BRIEF: Your copy of the data below must be exact and must leave out all pictures.

RAW DATA:
-- Opening Marker --
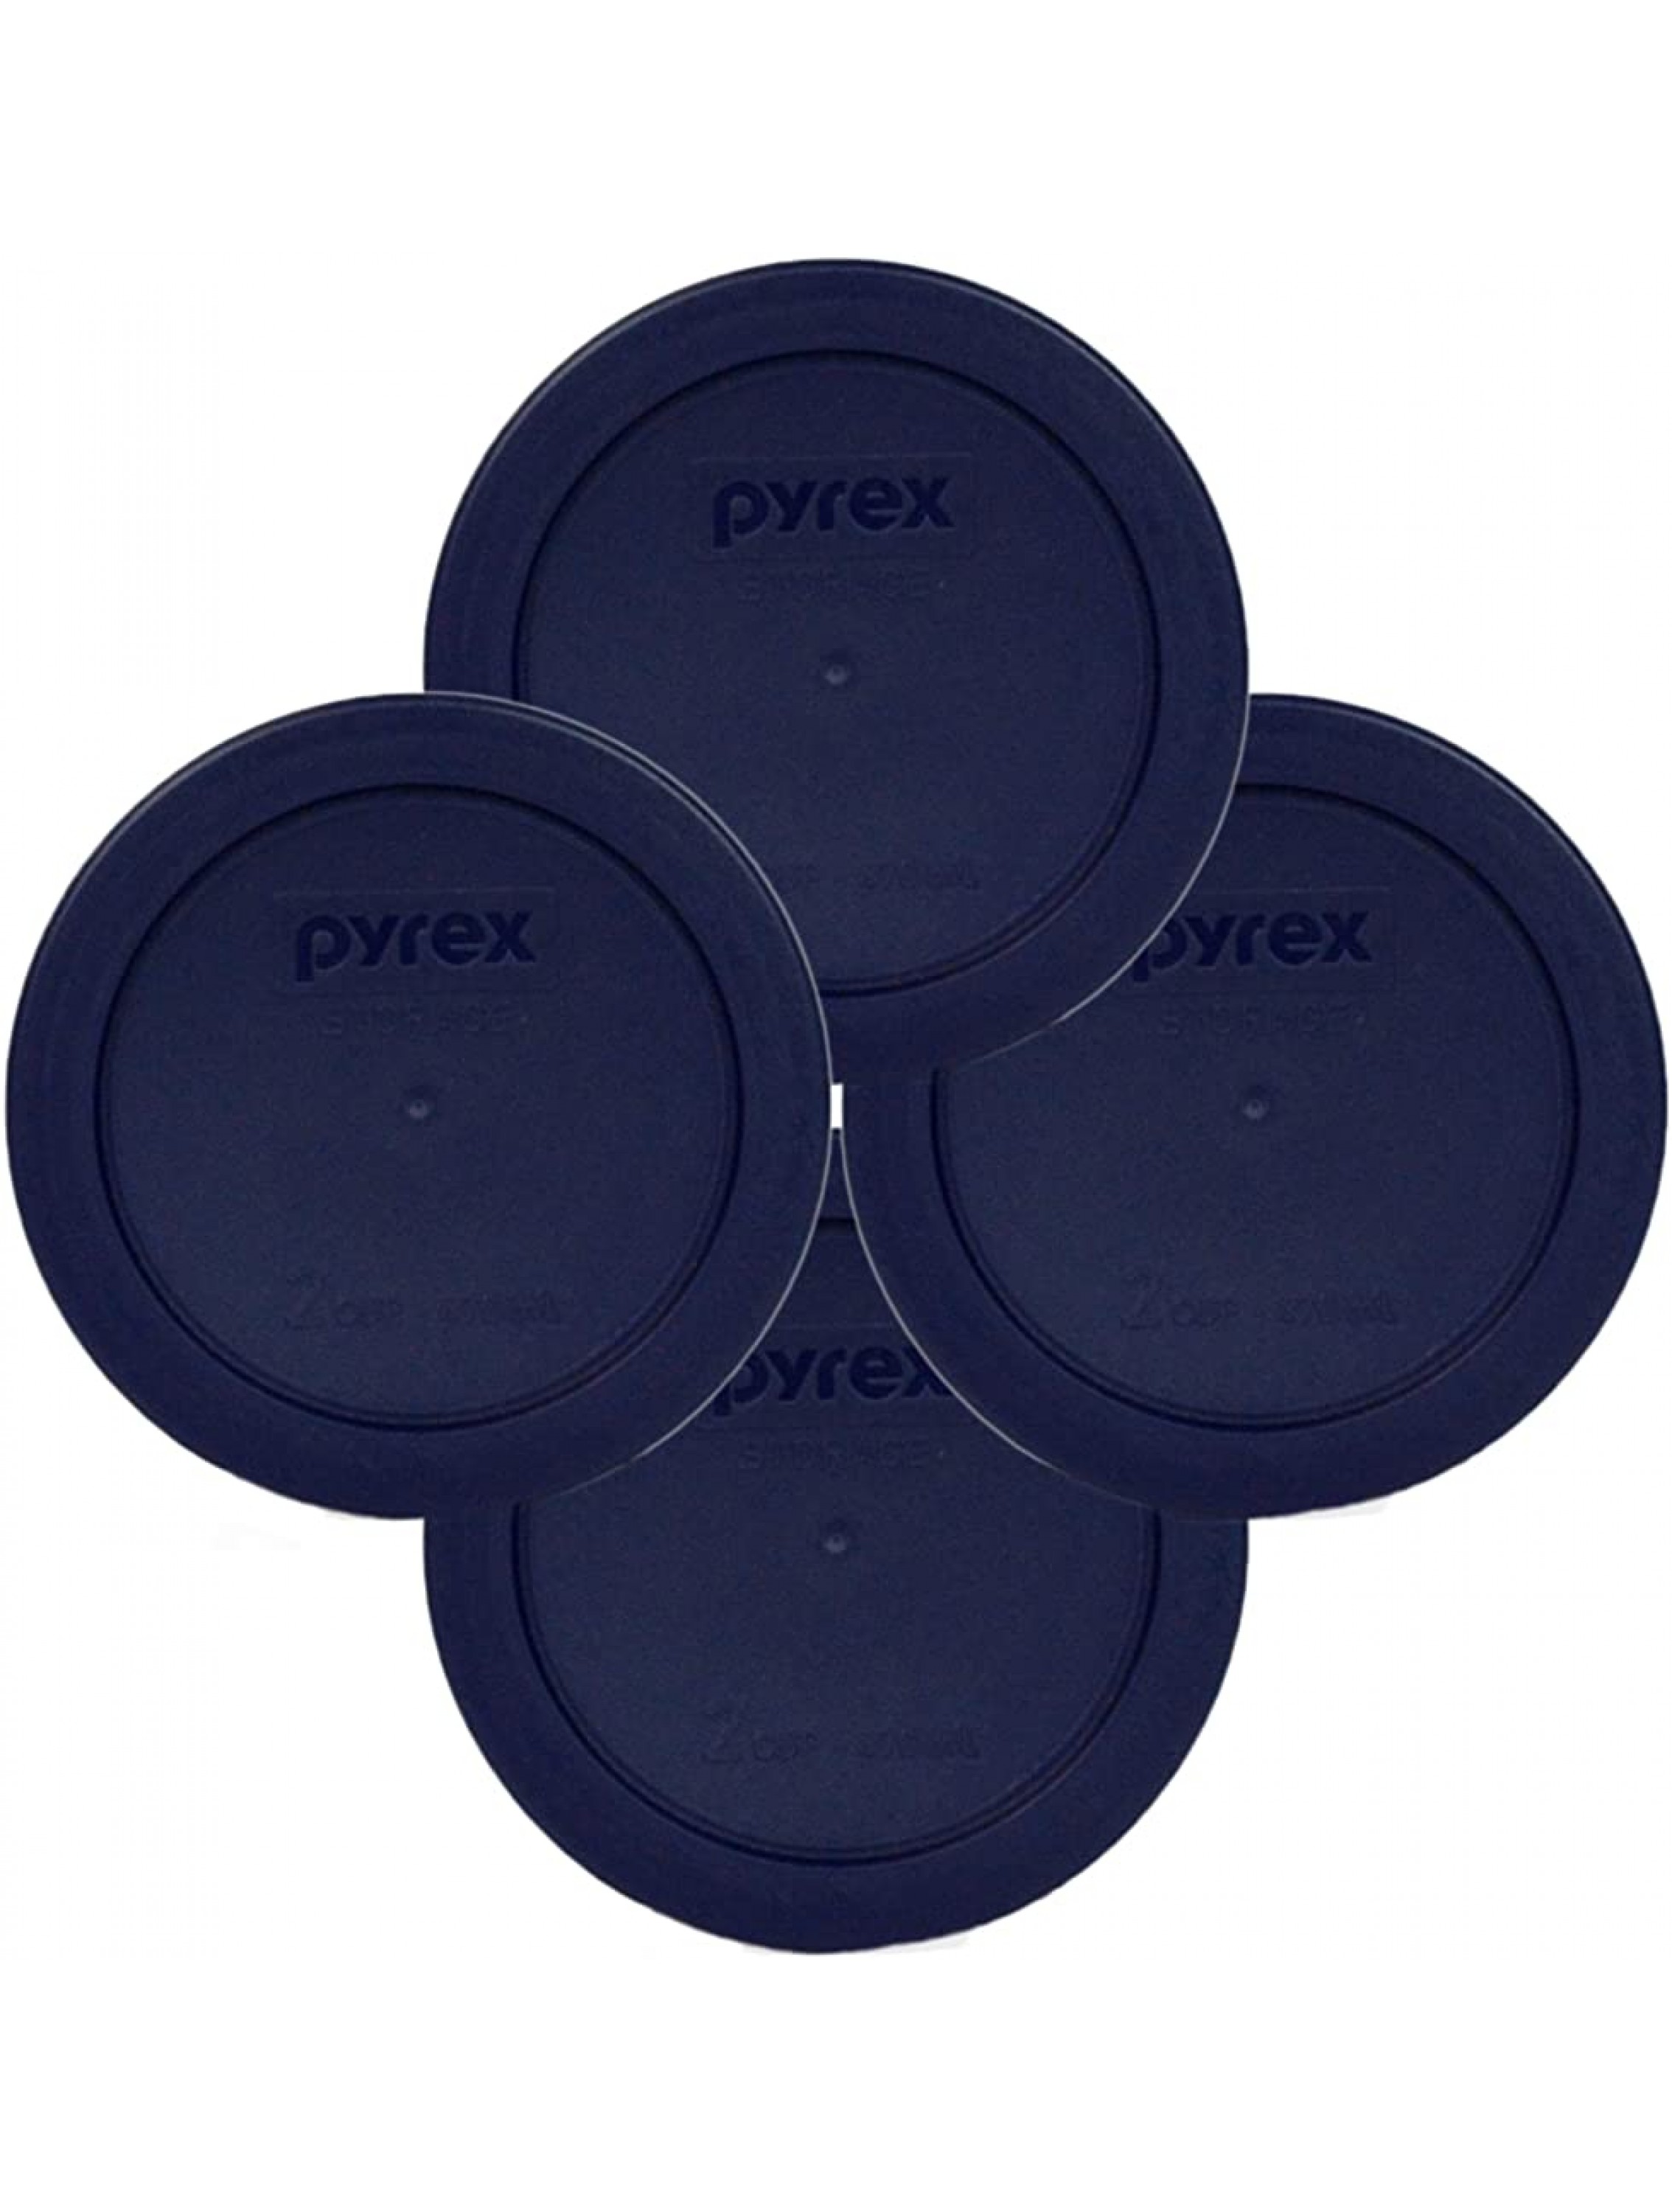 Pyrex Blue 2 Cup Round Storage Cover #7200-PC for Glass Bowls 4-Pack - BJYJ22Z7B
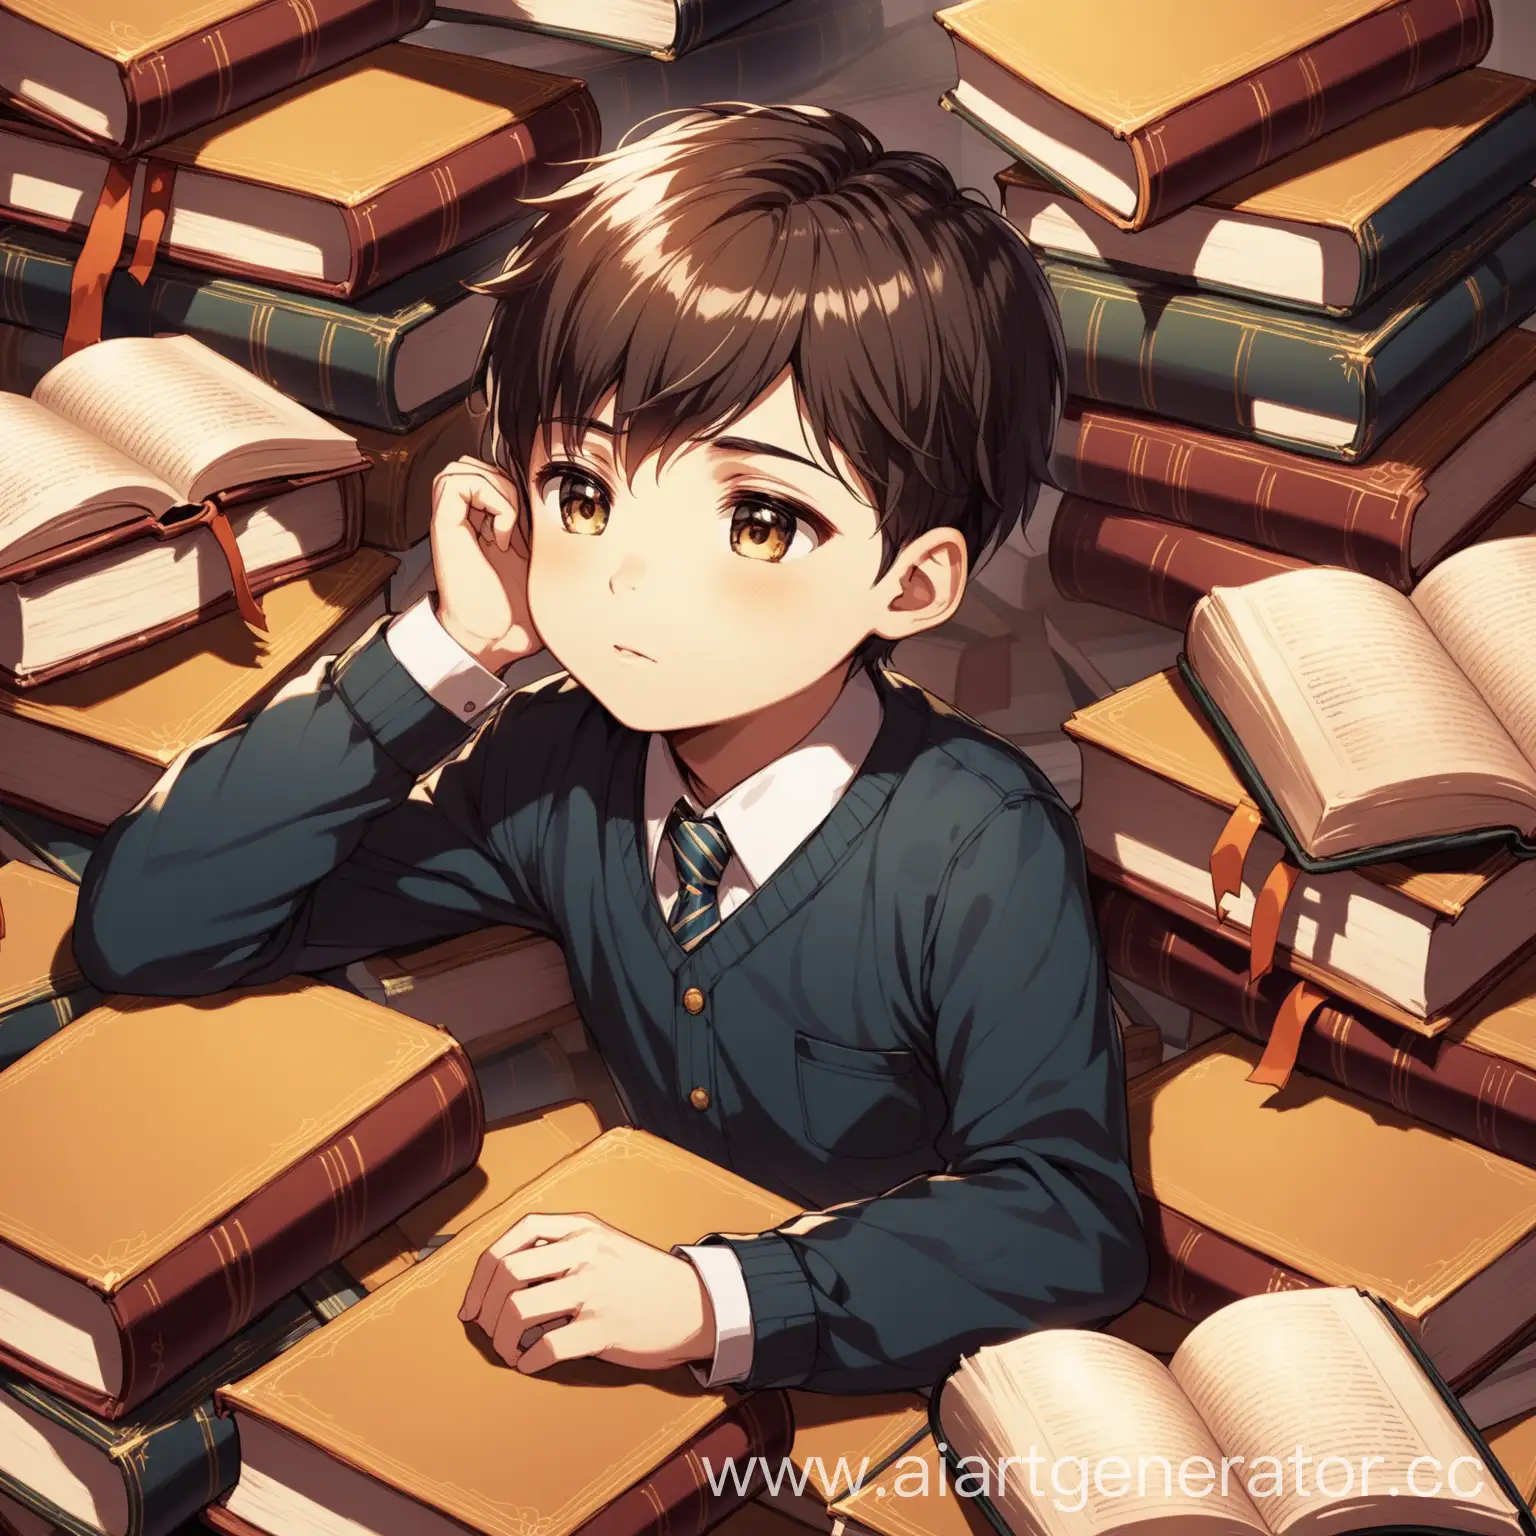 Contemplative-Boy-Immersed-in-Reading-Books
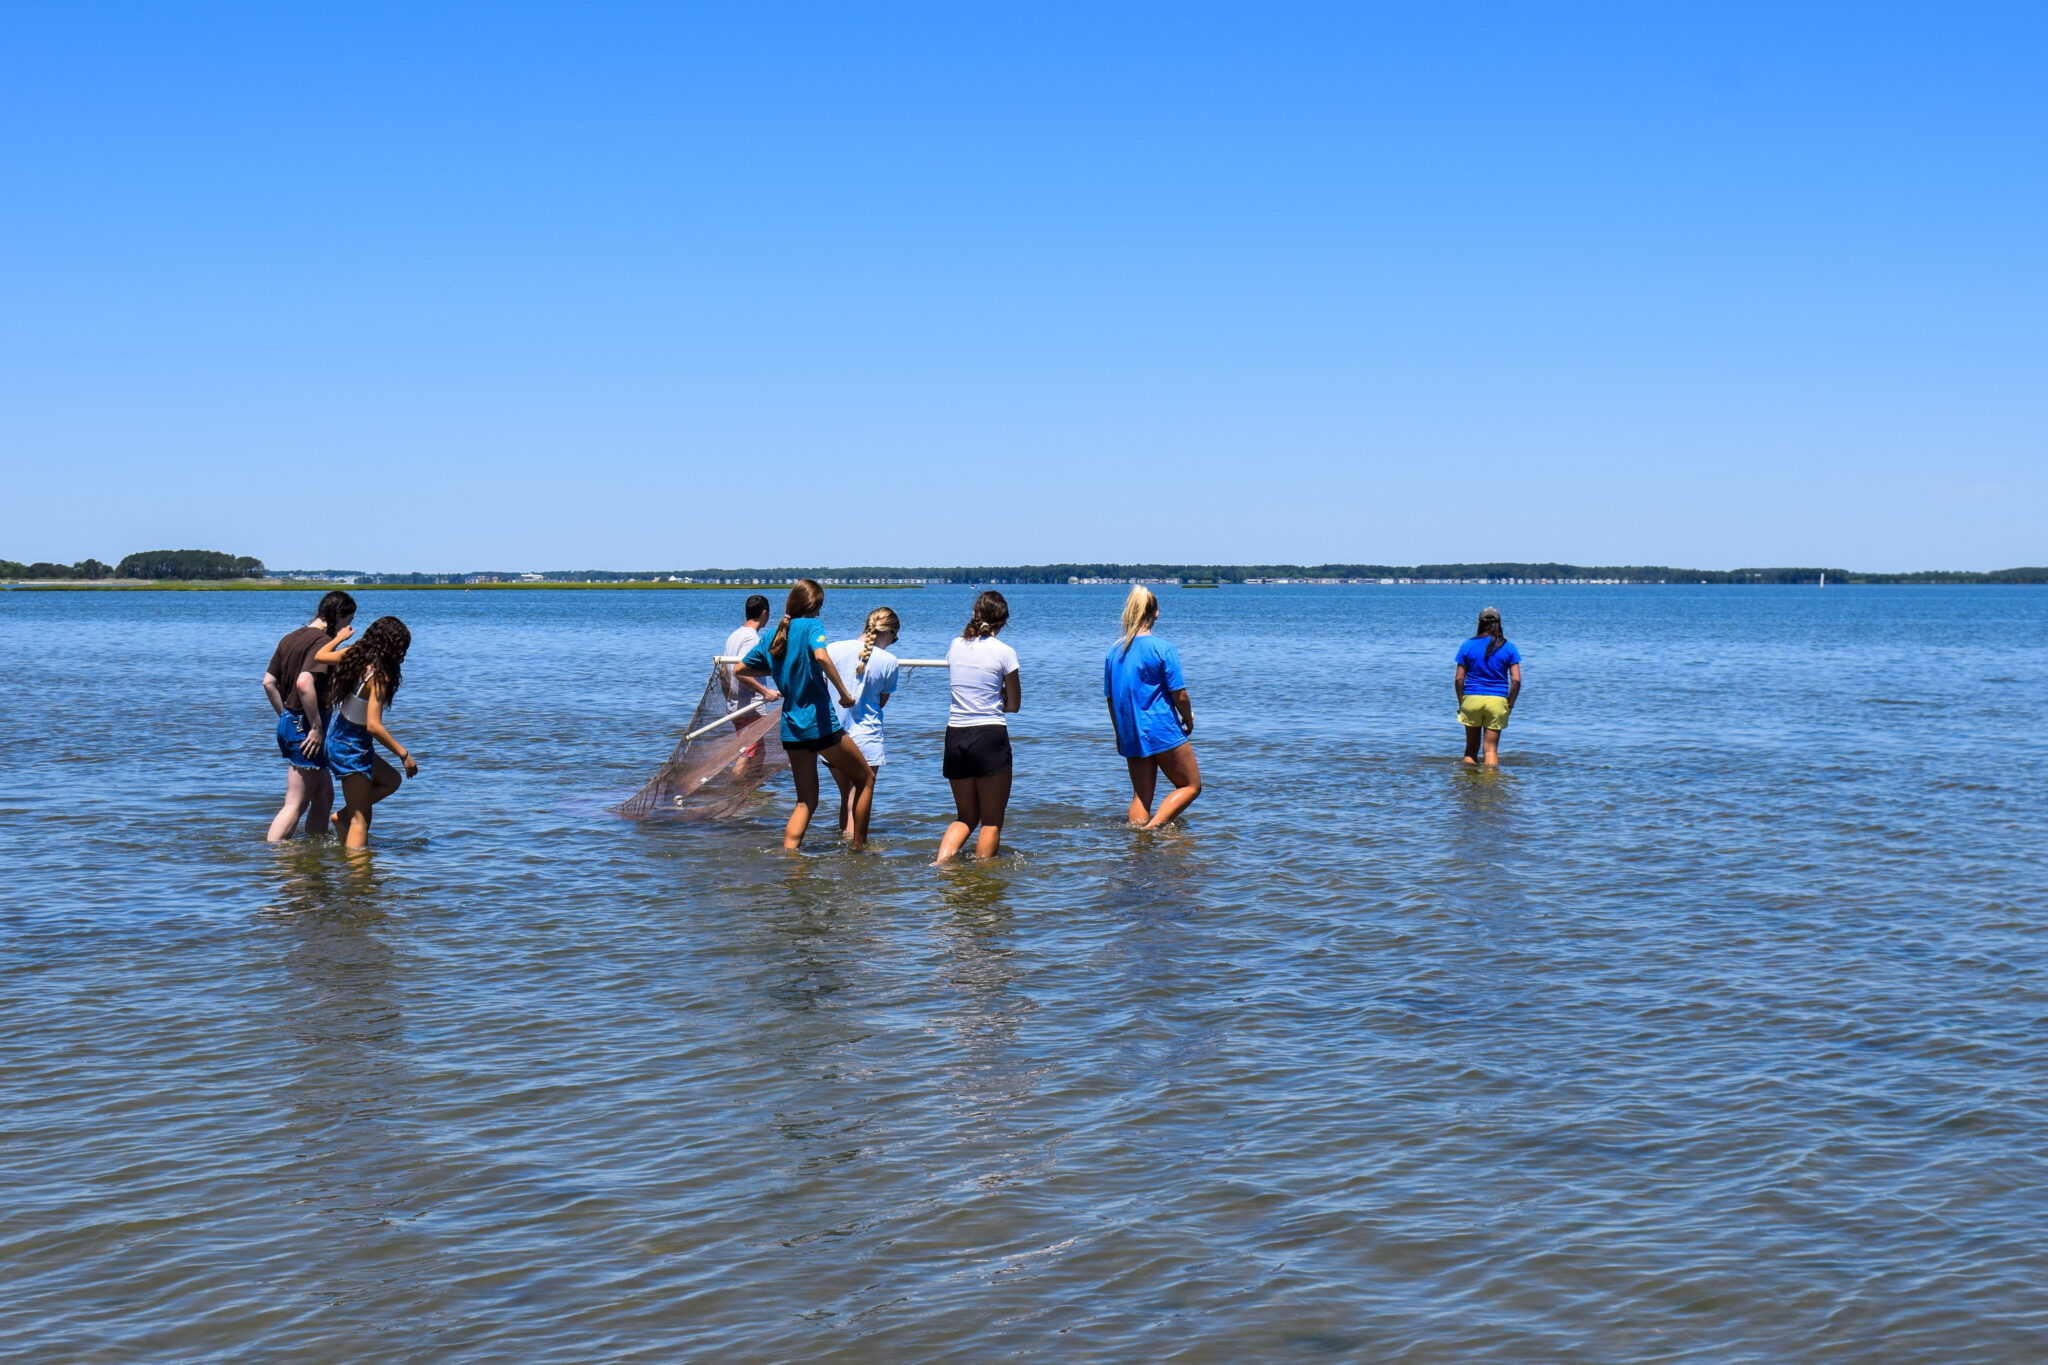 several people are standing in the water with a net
-- Closing Marker --
ANSWER TO THIS PROBLEM:
 Pyrex Blue 2 Cup Round Storage Cover #7200-PC for Glass Bowls 4-Pack - BJYJ22Z7B
 Contemplative-Boy-Immersed-in-Reading-Books
 several people are standing in the water with a net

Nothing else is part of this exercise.